Information supplied:
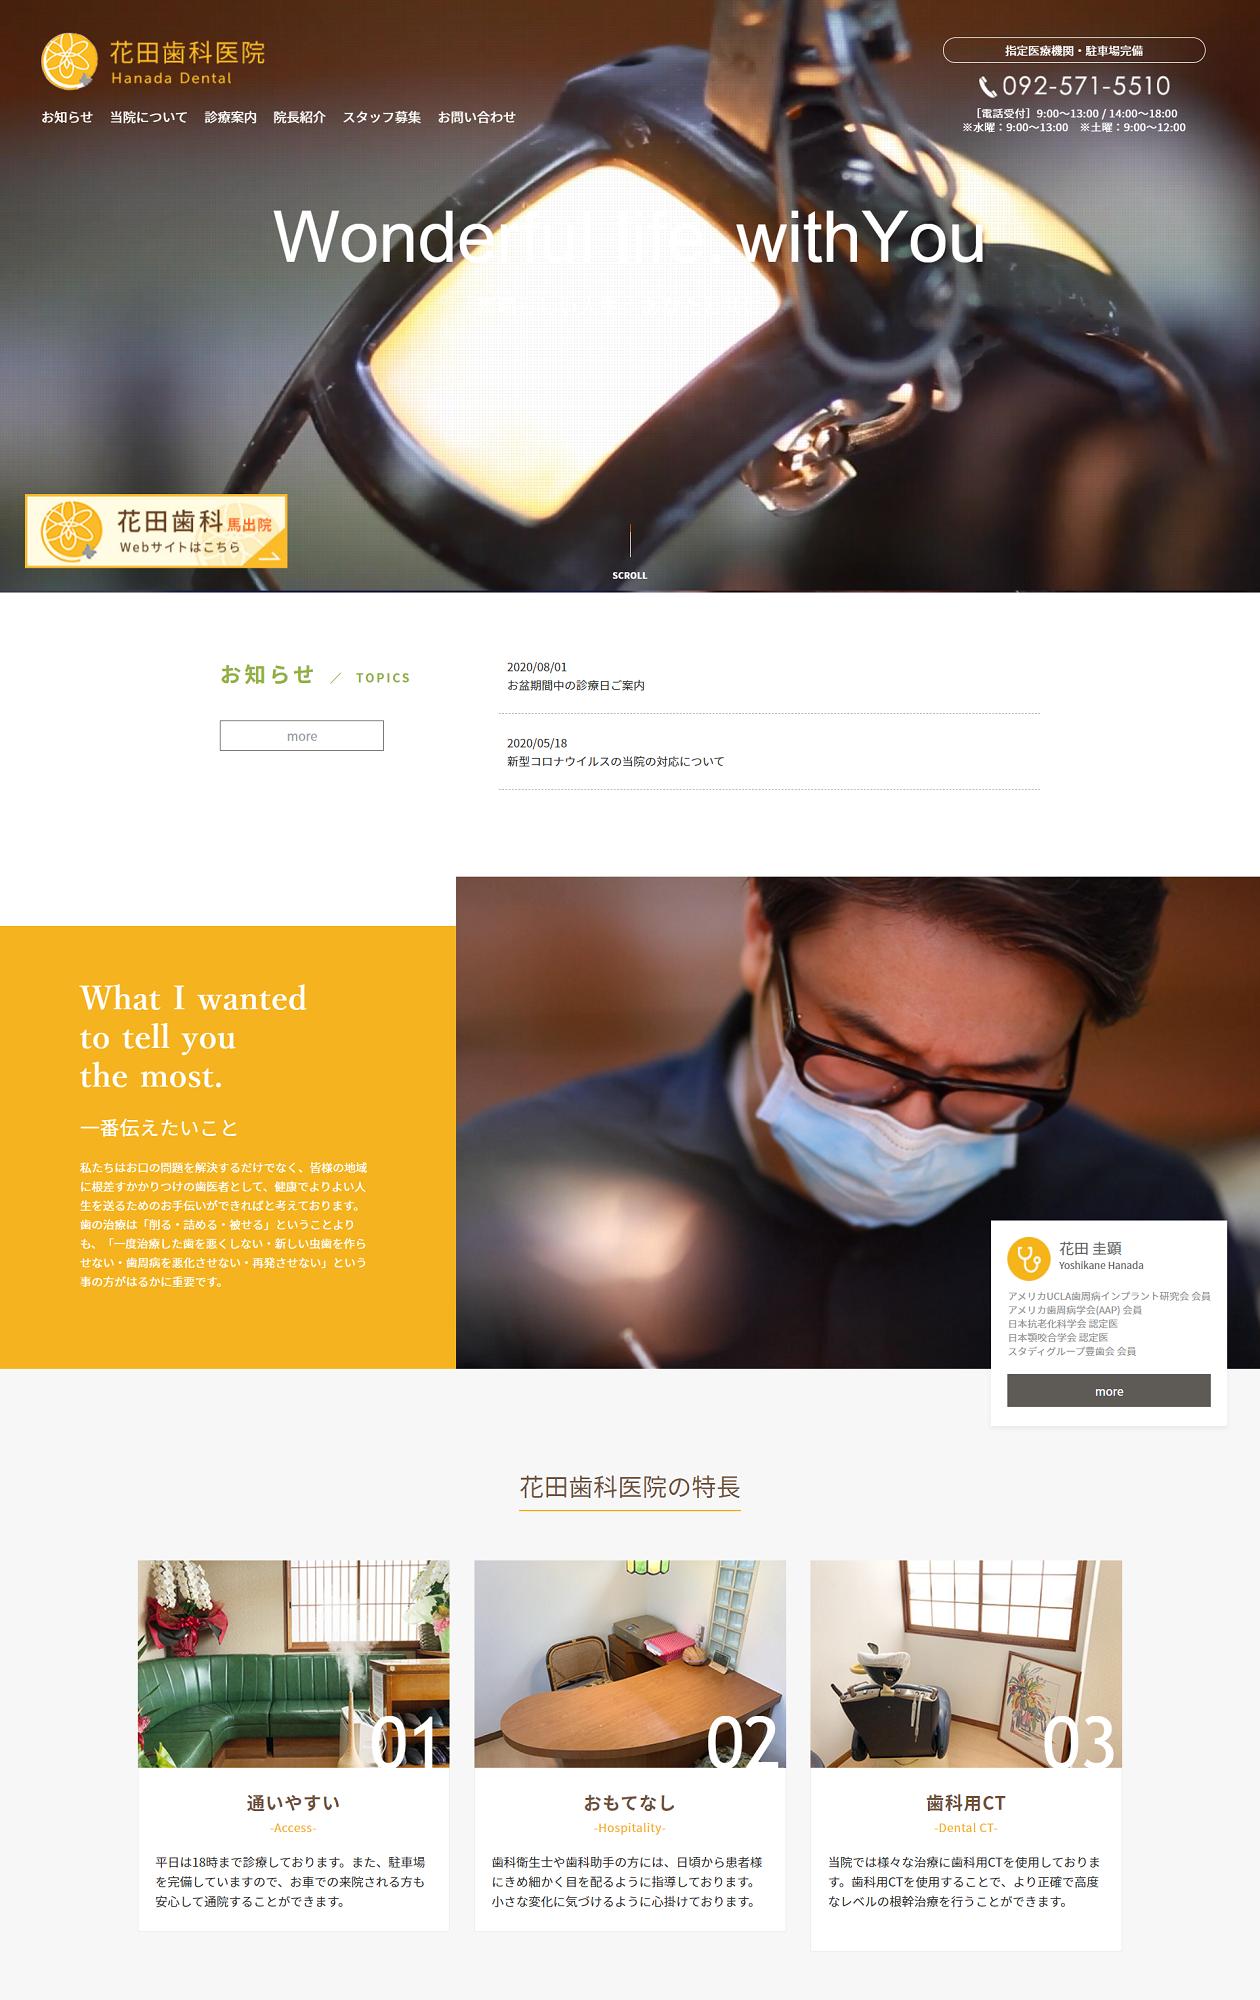 花田歯科医院 春日院 ホームページ
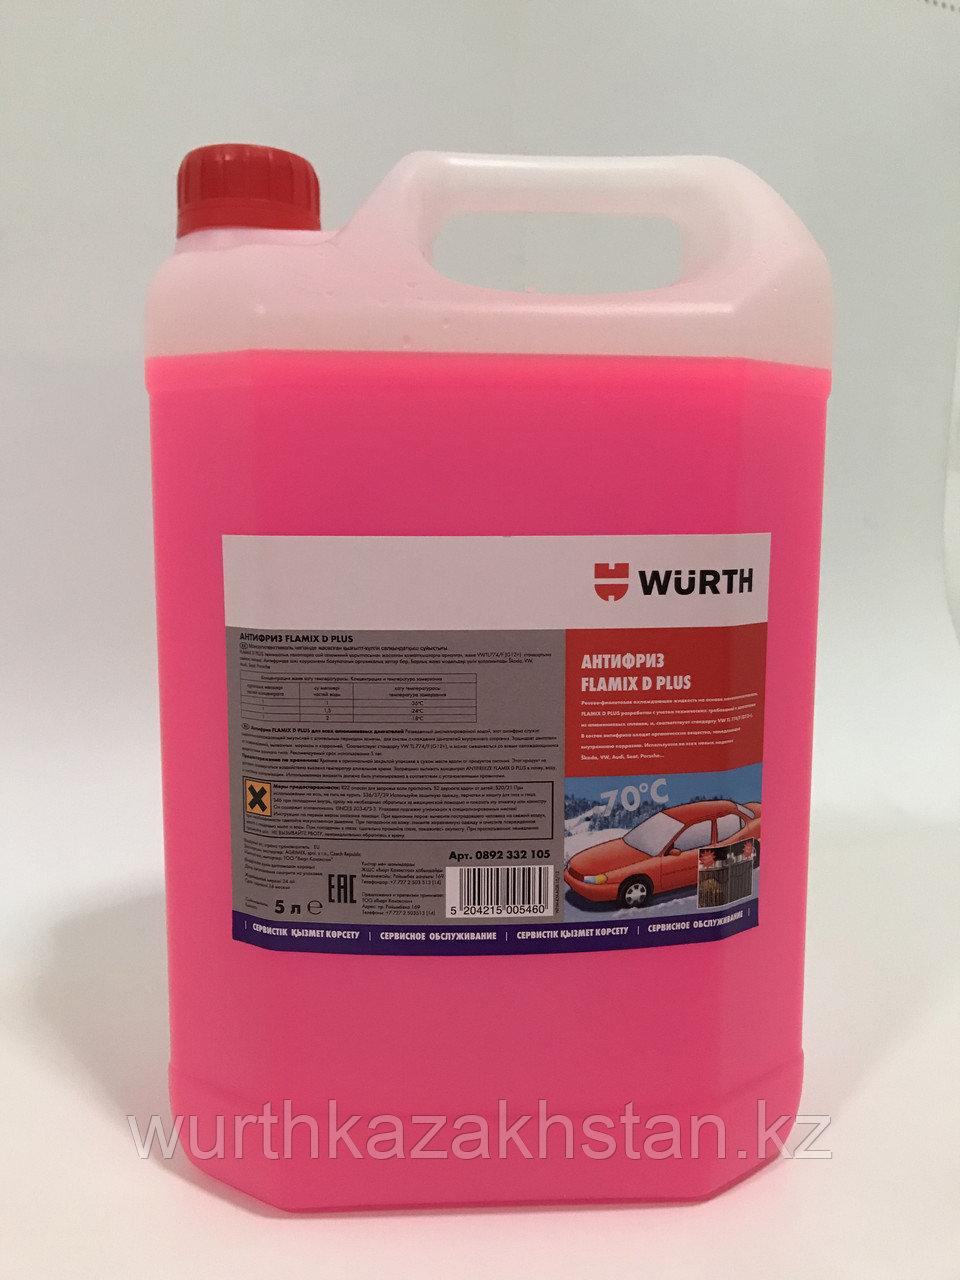 Антифриз FLAMIX D PLUS, 5 л. красно-фиолетовый
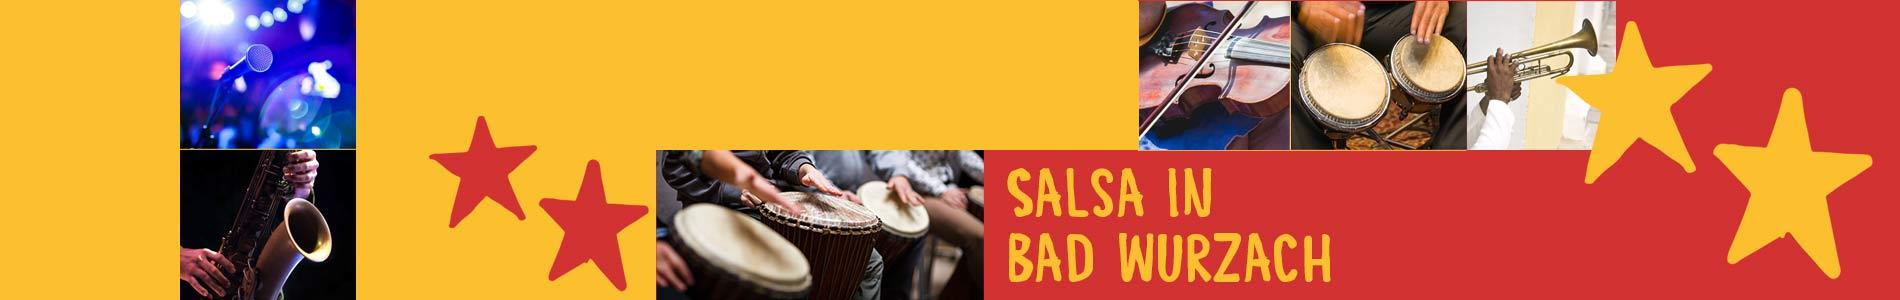 Salsa in Bad Wurzach – Salsa lernen und tanzen, Tanzkurse, Partys, Veranstaltungen
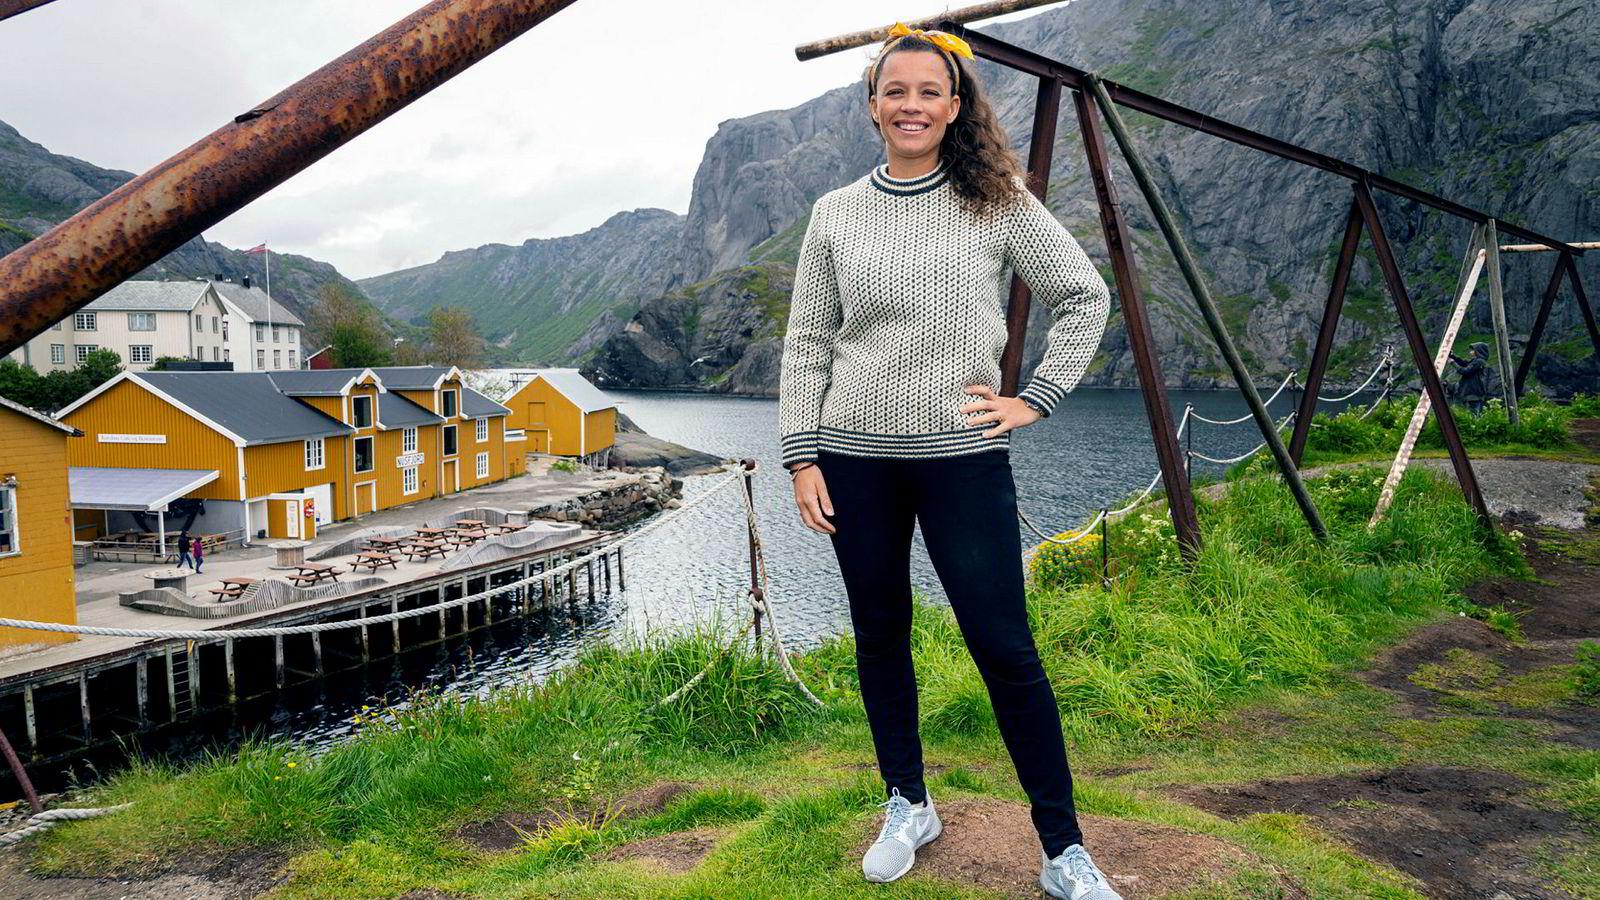 – Vi jobber med å begrense den store trafikken til anlegget, sier Caroline Krefting i Nusfjord.

About this exercise: Beginning with the line containing "Salsa in Bad" and ending with the last line of the material, output each line exactly; do not include pictures.

Finished task:
 Salsa in Bad Wurzach – Salsa lernen und tanzen, Tanzkurse, Partys, Veranstaltungen
 – Vi jobber med å begrense den store trafikken til anlegget, sier Caroline Krefting i Nusfjord.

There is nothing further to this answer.